# Task statement
What is needed here is every line of the records that includes "solar".

# Data provided

= Beginning of Section =

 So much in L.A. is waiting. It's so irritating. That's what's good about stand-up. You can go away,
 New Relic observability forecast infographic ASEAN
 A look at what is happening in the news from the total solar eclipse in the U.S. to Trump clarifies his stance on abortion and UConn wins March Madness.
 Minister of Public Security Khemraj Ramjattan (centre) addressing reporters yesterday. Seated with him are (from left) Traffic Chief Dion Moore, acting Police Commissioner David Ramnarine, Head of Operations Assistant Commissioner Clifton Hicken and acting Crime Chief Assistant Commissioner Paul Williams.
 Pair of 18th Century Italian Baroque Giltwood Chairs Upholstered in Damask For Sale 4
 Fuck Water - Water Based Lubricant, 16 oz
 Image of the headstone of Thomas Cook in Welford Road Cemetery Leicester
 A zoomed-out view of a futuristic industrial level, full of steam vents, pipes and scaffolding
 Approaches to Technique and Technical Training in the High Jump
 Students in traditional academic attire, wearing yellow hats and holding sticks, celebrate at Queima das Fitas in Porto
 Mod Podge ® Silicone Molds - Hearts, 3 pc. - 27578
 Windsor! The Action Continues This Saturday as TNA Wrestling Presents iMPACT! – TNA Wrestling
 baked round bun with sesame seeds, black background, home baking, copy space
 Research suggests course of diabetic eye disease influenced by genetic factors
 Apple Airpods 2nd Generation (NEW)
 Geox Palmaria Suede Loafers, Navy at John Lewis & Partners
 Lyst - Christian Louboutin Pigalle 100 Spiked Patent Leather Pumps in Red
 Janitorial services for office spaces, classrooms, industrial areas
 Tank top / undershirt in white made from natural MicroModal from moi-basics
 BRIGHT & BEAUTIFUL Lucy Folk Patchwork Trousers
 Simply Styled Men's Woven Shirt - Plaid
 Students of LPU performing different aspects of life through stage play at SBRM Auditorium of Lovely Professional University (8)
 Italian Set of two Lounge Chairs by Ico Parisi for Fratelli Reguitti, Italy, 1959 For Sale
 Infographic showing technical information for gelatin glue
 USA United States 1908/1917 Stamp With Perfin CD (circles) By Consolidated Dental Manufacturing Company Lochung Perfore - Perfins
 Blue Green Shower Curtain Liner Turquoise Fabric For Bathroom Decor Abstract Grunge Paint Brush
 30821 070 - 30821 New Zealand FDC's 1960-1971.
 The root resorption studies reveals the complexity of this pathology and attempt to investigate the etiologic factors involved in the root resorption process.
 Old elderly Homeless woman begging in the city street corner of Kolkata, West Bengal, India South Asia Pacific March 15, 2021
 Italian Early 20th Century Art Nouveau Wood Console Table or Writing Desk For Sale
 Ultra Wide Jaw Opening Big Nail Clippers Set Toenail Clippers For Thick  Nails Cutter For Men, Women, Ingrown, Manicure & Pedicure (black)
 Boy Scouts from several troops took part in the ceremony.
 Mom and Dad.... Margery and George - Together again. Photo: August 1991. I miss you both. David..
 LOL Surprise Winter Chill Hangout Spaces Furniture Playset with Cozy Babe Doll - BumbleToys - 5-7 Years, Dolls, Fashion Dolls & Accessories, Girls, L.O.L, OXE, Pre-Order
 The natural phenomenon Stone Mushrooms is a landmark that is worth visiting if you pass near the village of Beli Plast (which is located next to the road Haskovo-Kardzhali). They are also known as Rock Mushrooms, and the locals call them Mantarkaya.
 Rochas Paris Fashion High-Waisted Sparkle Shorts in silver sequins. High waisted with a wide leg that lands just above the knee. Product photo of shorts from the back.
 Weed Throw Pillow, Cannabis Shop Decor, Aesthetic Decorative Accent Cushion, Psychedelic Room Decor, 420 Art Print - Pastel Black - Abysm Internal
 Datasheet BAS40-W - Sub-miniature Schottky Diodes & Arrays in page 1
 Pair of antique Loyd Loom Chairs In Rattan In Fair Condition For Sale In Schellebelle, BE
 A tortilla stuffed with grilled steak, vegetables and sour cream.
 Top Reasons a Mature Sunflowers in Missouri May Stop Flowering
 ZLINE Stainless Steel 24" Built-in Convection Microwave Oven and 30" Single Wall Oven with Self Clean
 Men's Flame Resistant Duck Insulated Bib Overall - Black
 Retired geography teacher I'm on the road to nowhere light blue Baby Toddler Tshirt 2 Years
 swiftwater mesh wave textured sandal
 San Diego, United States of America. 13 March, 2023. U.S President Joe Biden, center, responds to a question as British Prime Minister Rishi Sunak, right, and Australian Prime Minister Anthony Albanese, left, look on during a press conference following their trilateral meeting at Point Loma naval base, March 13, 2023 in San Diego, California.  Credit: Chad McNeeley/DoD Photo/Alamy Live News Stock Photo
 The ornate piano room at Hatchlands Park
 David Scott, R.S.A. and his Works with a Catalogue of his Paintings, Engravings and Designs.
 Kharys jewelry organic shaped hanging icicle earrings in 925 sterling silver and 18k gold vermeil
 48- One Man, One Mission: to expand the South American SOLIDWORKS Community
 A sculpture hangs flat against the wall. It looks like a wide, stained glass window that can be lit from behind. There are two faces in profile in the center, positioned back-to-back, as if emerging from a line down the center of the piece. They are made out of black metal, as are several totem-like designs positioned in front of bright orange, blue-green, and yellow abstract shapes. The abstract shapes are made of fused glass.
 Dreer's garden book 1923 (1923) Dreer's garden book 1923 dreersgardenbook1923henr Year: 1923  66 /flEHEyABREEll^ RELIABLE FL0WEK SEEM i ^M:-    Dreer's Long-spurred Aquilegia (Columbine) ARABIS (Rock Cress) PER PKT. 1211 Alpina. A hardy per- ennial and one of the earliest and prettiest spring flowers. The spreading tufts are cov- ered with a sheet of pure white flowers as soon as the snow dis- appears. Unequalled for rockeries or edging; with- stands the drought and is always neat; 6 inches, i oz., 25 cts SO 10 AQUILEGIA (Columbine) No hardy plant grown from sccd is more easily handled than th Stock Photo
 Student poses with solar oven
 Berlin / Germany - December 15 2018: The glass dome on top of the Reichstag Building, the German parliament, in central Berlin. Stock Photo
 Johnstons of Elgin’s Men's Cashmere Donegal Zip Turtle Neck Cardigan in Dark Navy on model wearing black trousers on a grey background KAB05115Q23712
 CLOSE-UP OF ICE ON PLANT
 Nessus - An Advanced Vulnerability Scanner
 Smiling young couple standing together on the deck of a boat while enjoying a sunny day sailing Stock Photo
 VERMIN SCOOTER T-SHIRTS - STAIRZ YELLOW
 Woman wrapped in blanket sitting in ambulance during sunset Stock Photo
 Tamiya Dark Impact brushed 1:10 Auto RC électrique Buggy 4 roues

= End of Section =

# Your solution
 A look at what is happening in the news from the total solar eclipse in the U.S. to Trump clarifies his stance on abortion and UConn wins March Madness.
 Student poses with solar oven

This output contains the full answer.